Moving from user role based approach to problem statement based approach for Product development
As a Product Manager, one should be always in a state of clarity, collaborative and communication mode to get things done. In this story, we will discuss about user focused story and problem focused story and how one of those can add efficient value addition in the product.
Thanks to Scrum framework , the user story is a well known term that people across the globe uses it during product development. You can dig down with quality user story for product development. This approach focuses on the user role based mindset where stories are defined to achieve the user’s needs (or user’s wishes). From my experience while leading the teams for product development, ‘The User’ is a big term in general while defining a single user story.
The User story
As the standard format of user story suggests:
As a [Role] I should be able to do [Action], so that I can achieve the [Purpose].
Here this is a solution centric statement that a specific role of the user, wants to perform certain action so that user can achieve the purpose from the product.

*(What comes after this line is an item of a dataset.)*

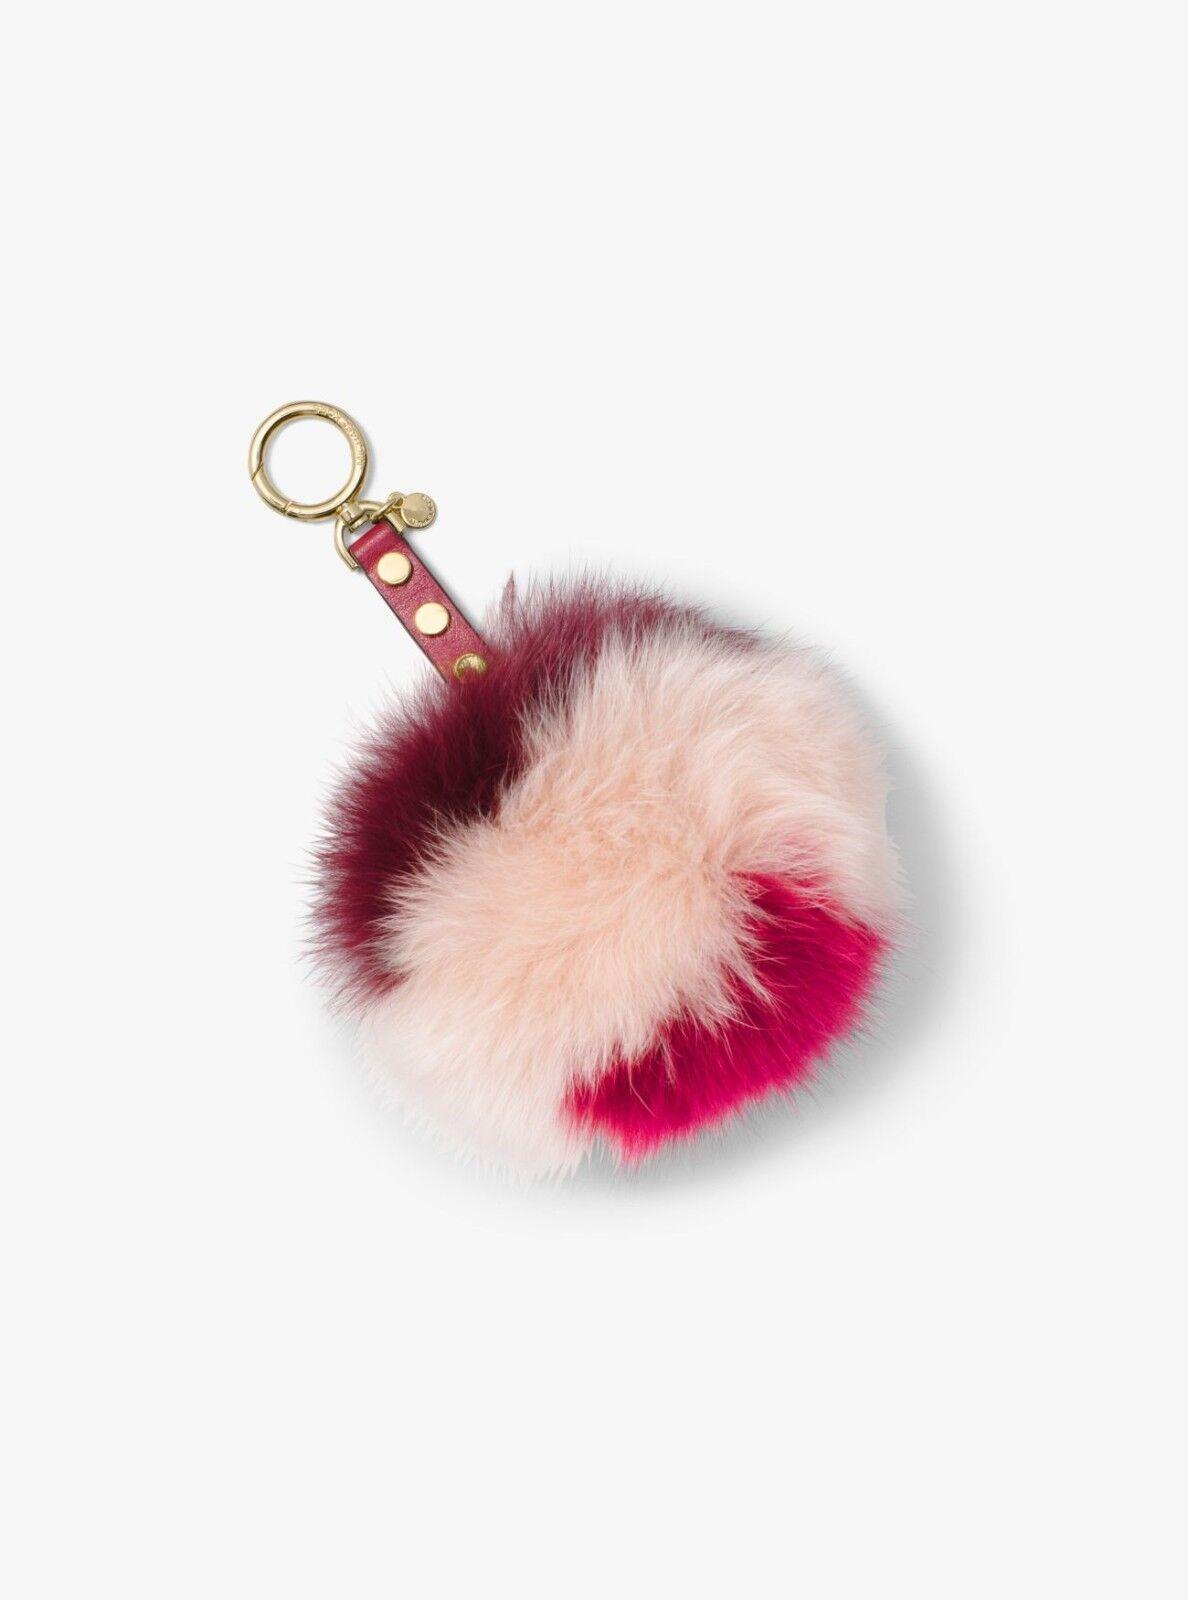 4cc7f1cb63 Michael Kors Key Charms Lollipop Large Pom Fur Bag Charm Fob Mulberry  Crimson for sale online

Challenges in such situations:
- Everyone in the team thinks that the user wants to do this X to solve the problem and the team members just discuss and act on how we can implement this solution in the sprint.

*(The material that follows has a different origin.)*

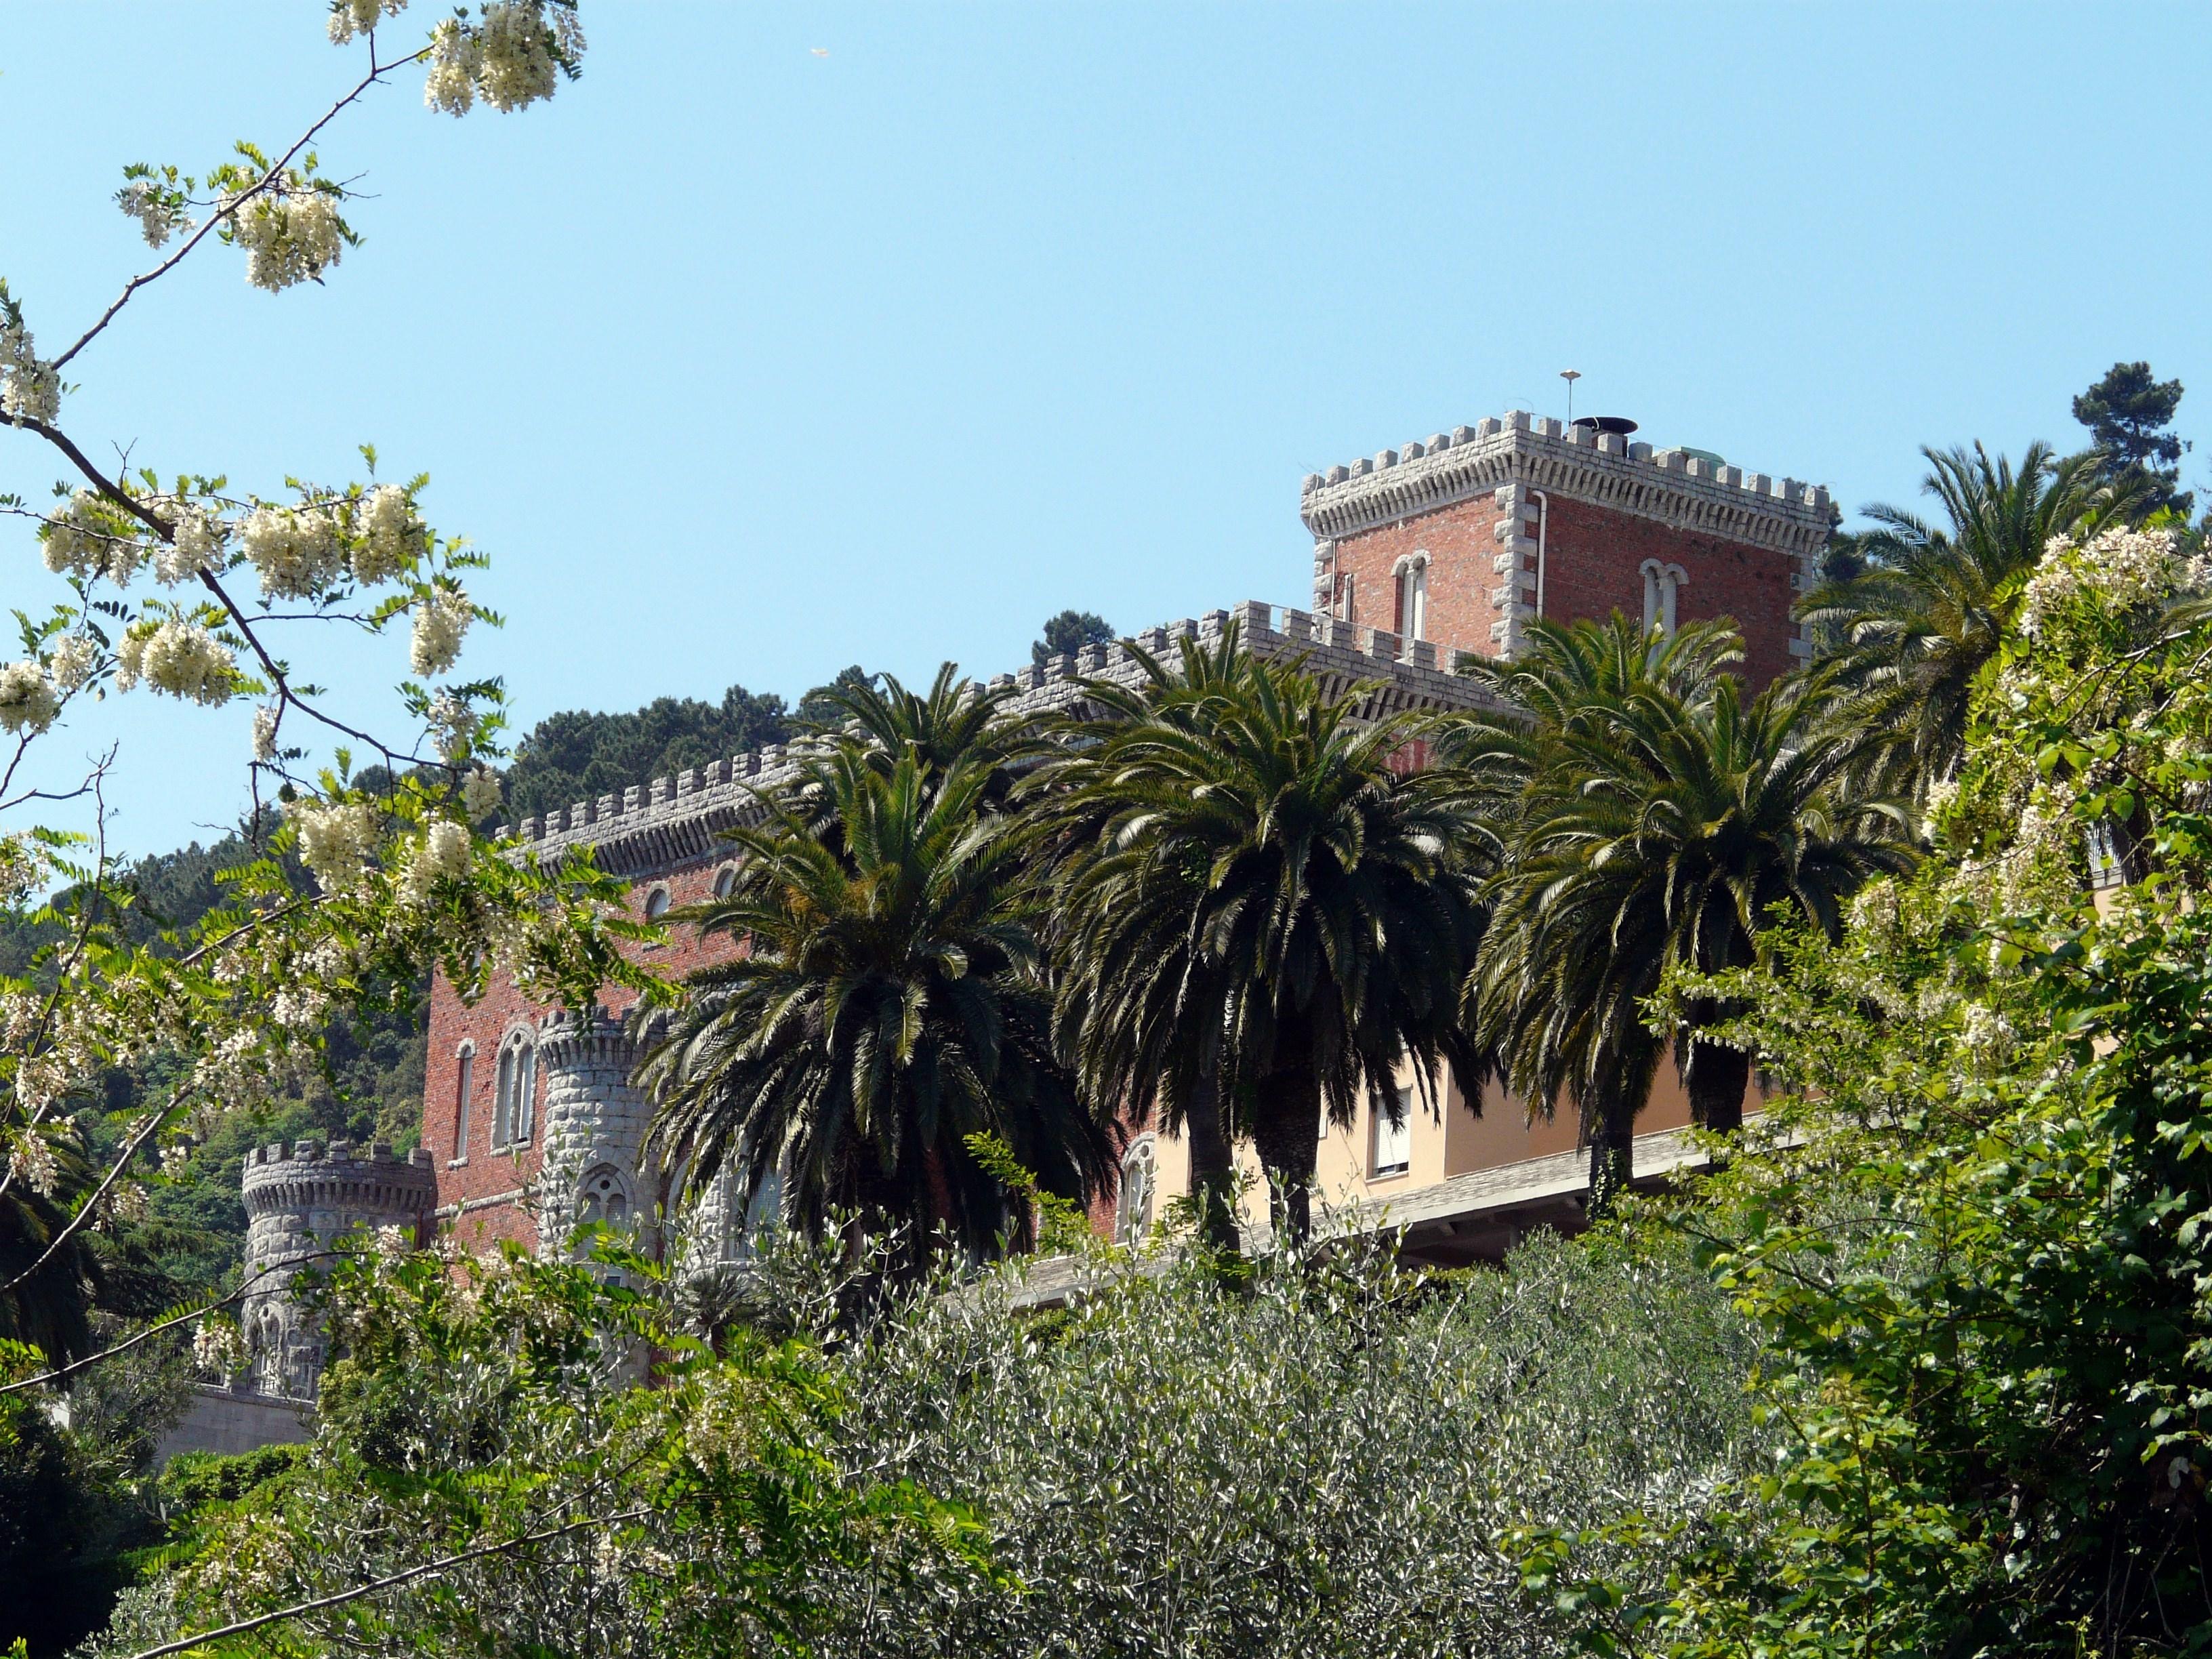 Monastero di Santa Croce del Corvo

- It directly says about the solution that they users want from the product. So everyone in the team start focusing on how to implement the said solution.
The Job story
Ultimately we are solving user’s needs in the product not their wishes. While digging further, every need has following three characteristics:
- Situation
- Motivation
- Outcome
Situation tells us that where and when there is a need. Motivation tells us that what inspires the users to perform any action in the product. Outcome is another state of previous situation that user wants to achieve from the product.
Format of a job story:
When I am at ‘X situation’, I want to able to ‘Y motivation’, so I can achieve the ‘Z outcome’.
Some examples:
- When a user is on the registration screen of the app, user wants to do registration either from Google, LinkedIN or Email, so a user can land on the home screen of the app.
- When a user selects any product, user wants to click on checkout, so a user initiate the checkout process to buy the selected product.
Summary
It is way better to solve problems that only exists and to do this the job story approach empowers the respective team members. This is an attitude that tells the fundamental and real required information to solve users real needs.